**Exercise instructions**
From the first line to the last, give the material again exactly, without the images.

**Given material**
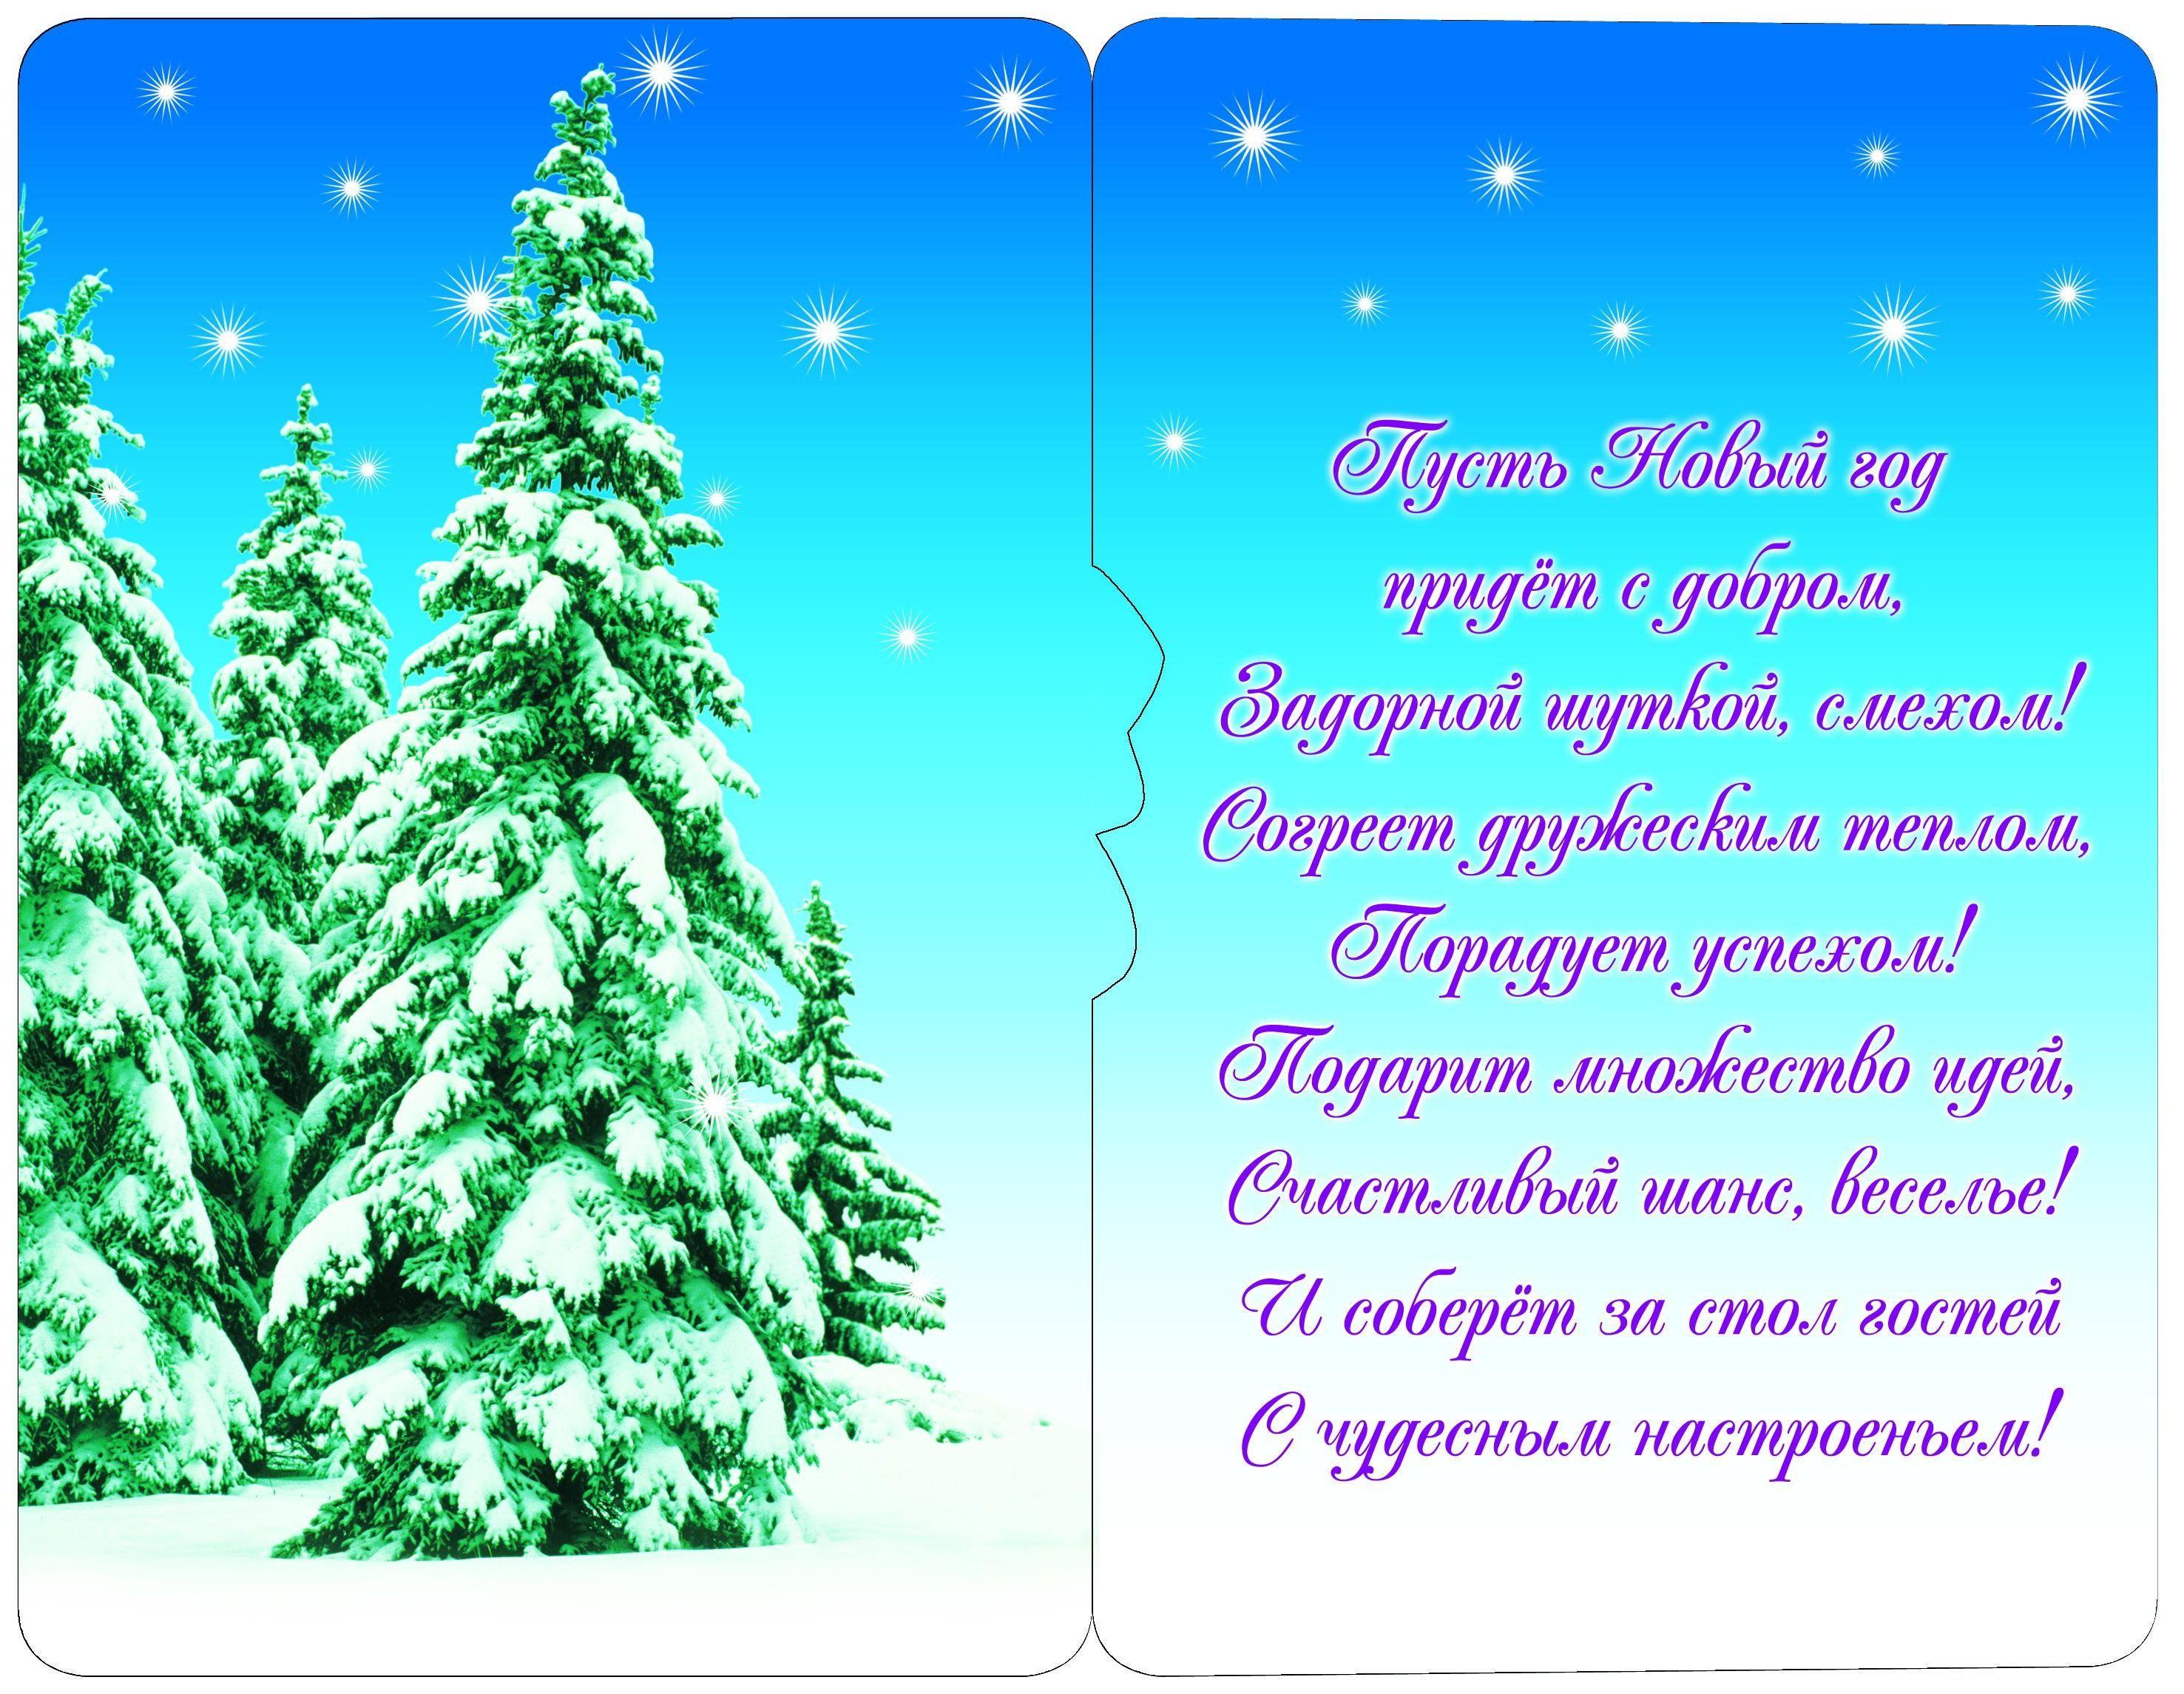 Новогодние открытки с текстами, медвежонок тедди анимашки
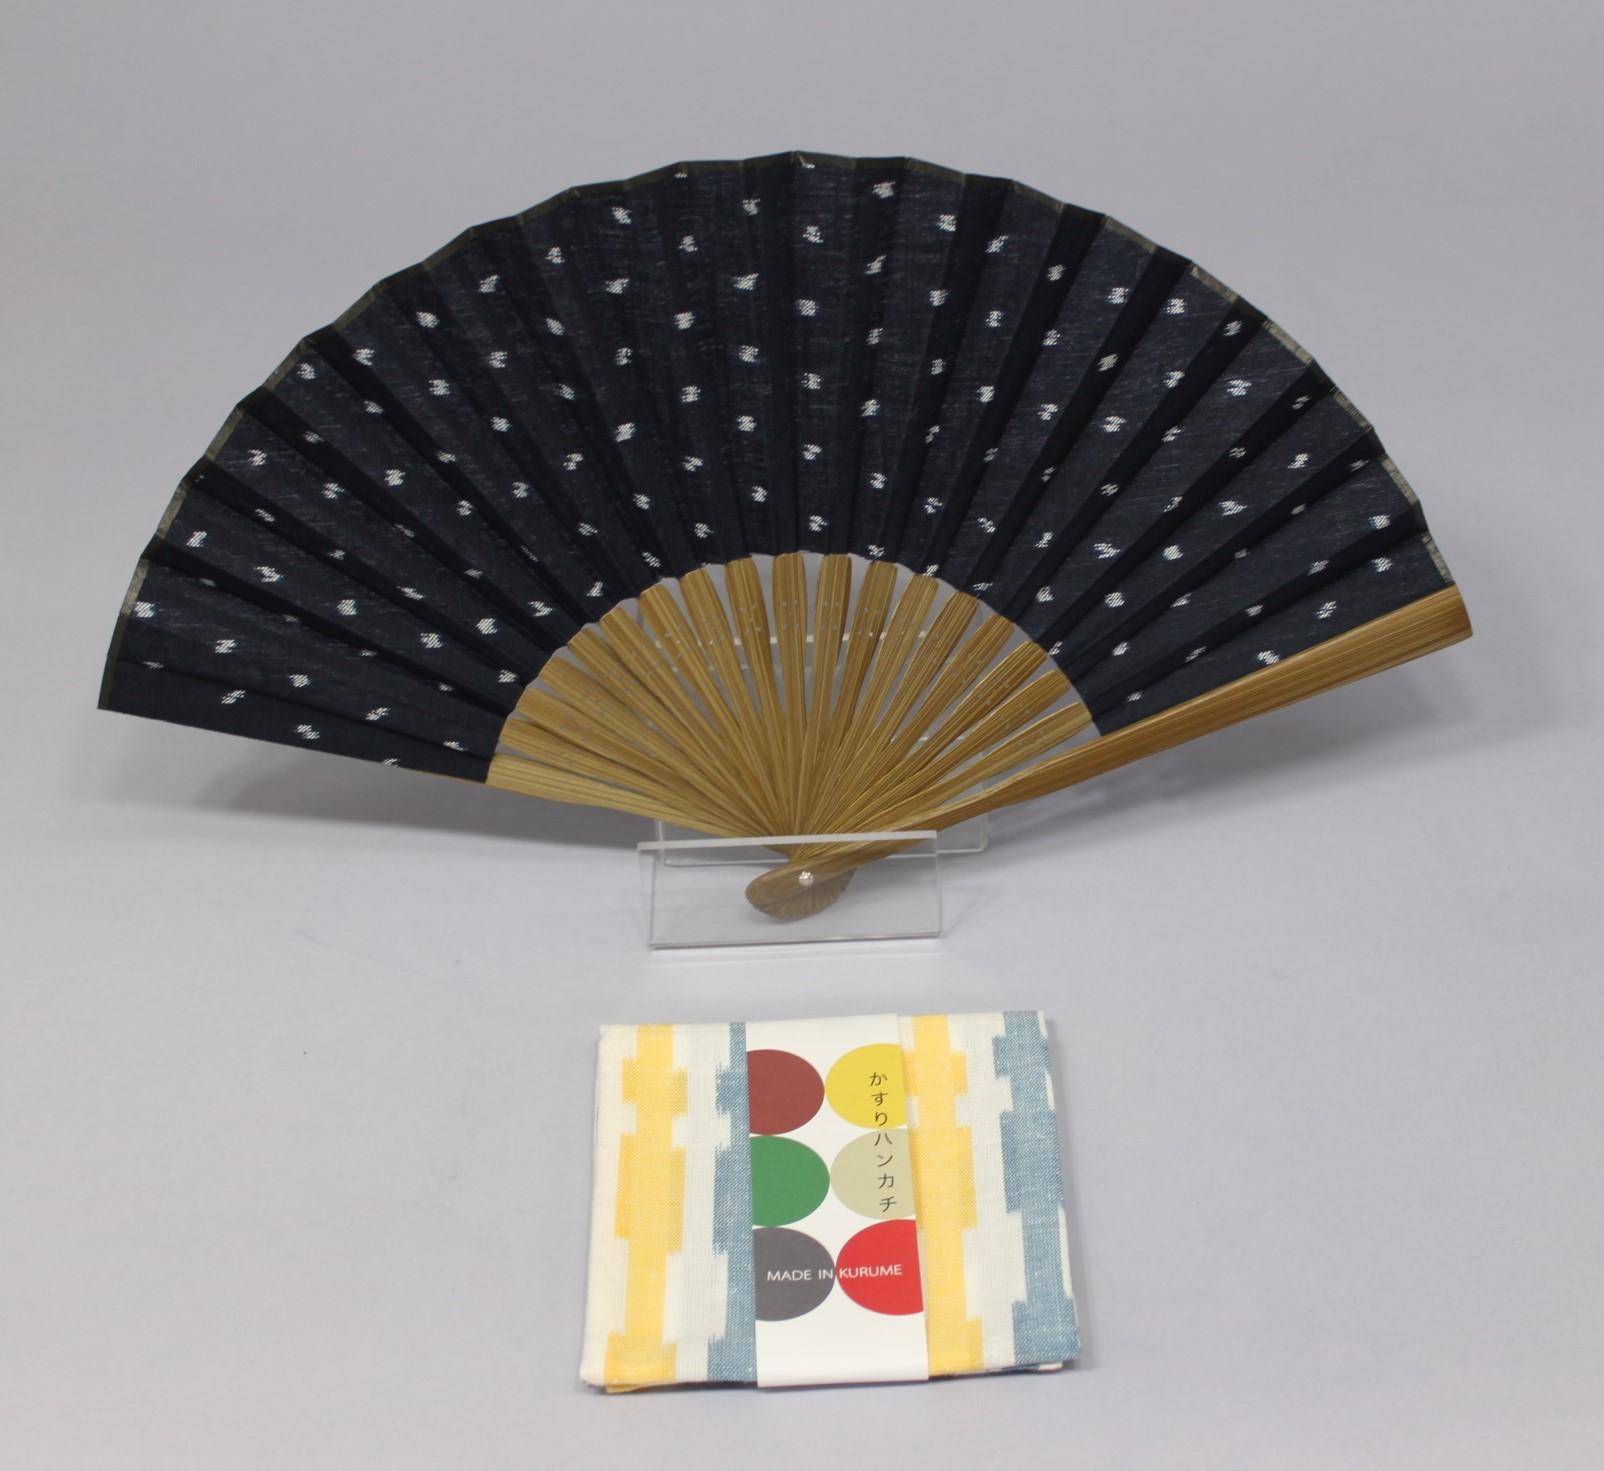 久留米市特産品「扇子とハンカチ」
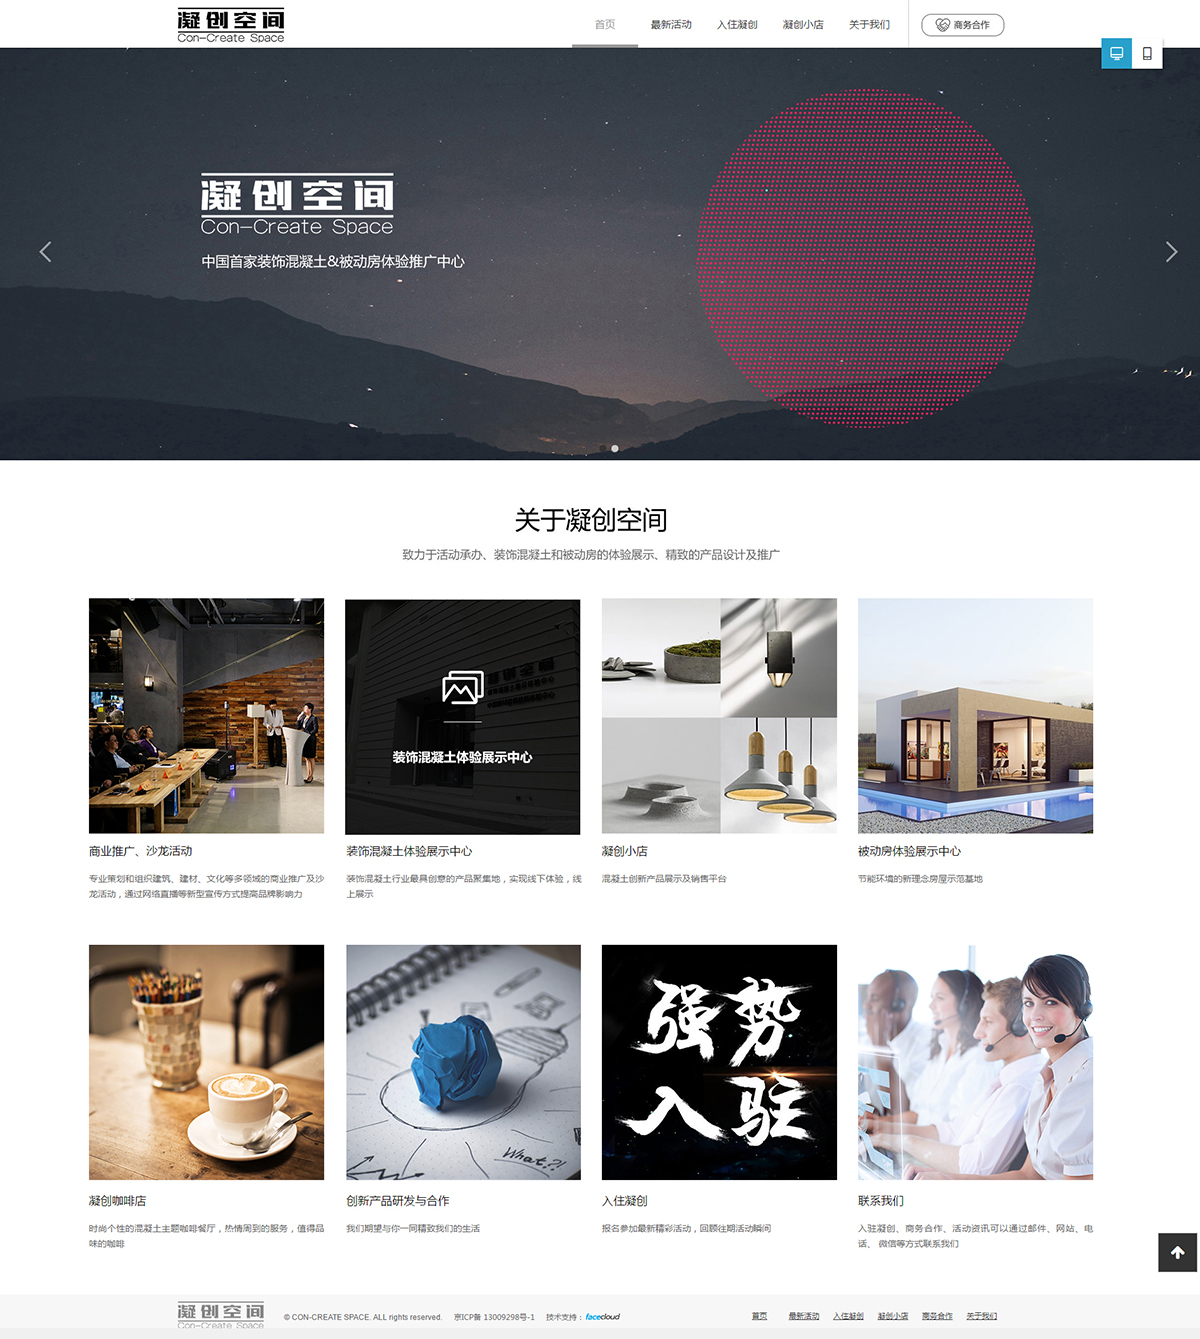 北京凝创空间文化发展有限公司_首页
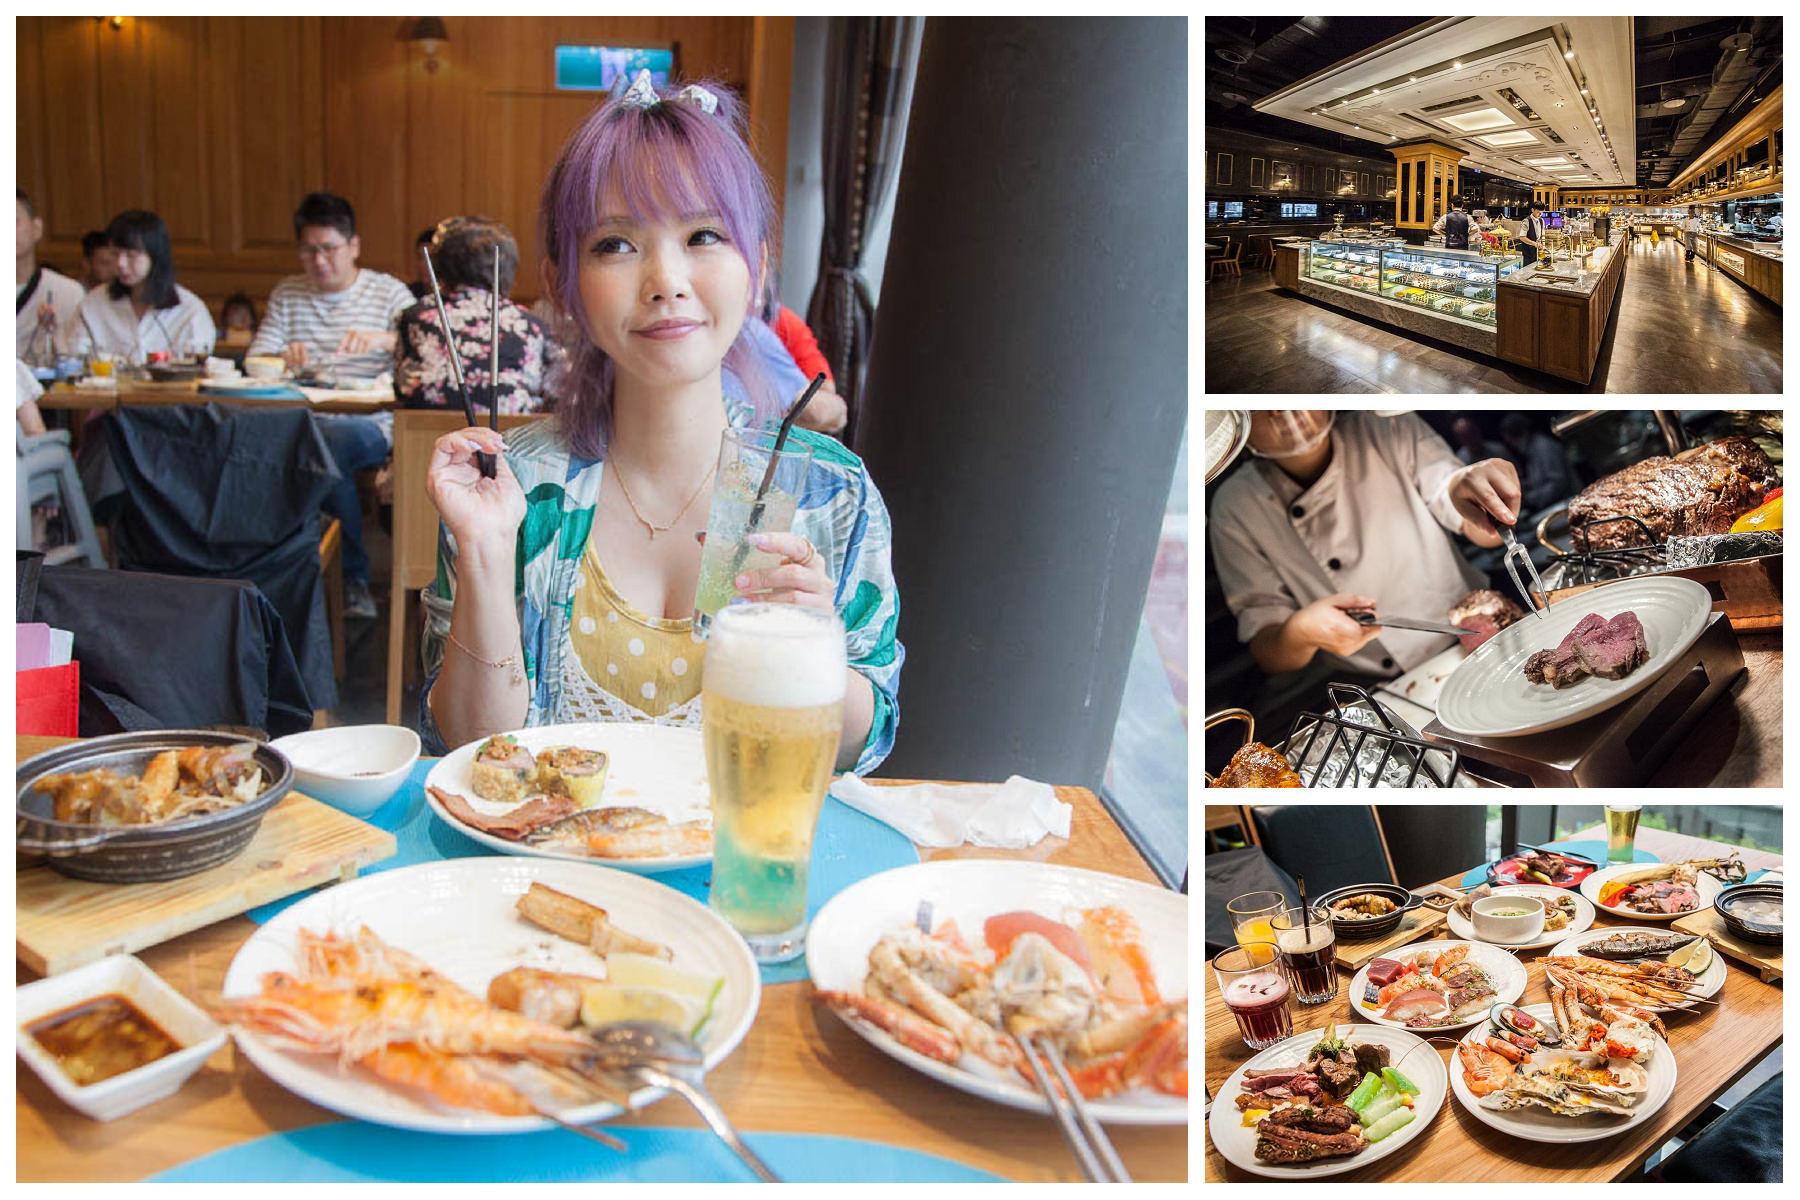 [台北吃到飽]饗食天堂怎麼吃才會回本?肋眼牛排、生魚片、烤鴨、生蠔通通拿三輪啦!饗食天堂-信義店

**Written answer**
 Новогодние открытки с текстами, медвежонок тедди анимашки
 久留米市特産品「扇子とハンカチ」
 北京凝创空间文化发展有限公司_首页
 [台北吃到飽]饗食天堂怎麼吃才會回本?肋眼牛排、生魚片、烤鴨、生蠔通通拿三輪啦!饗食天堂-信義店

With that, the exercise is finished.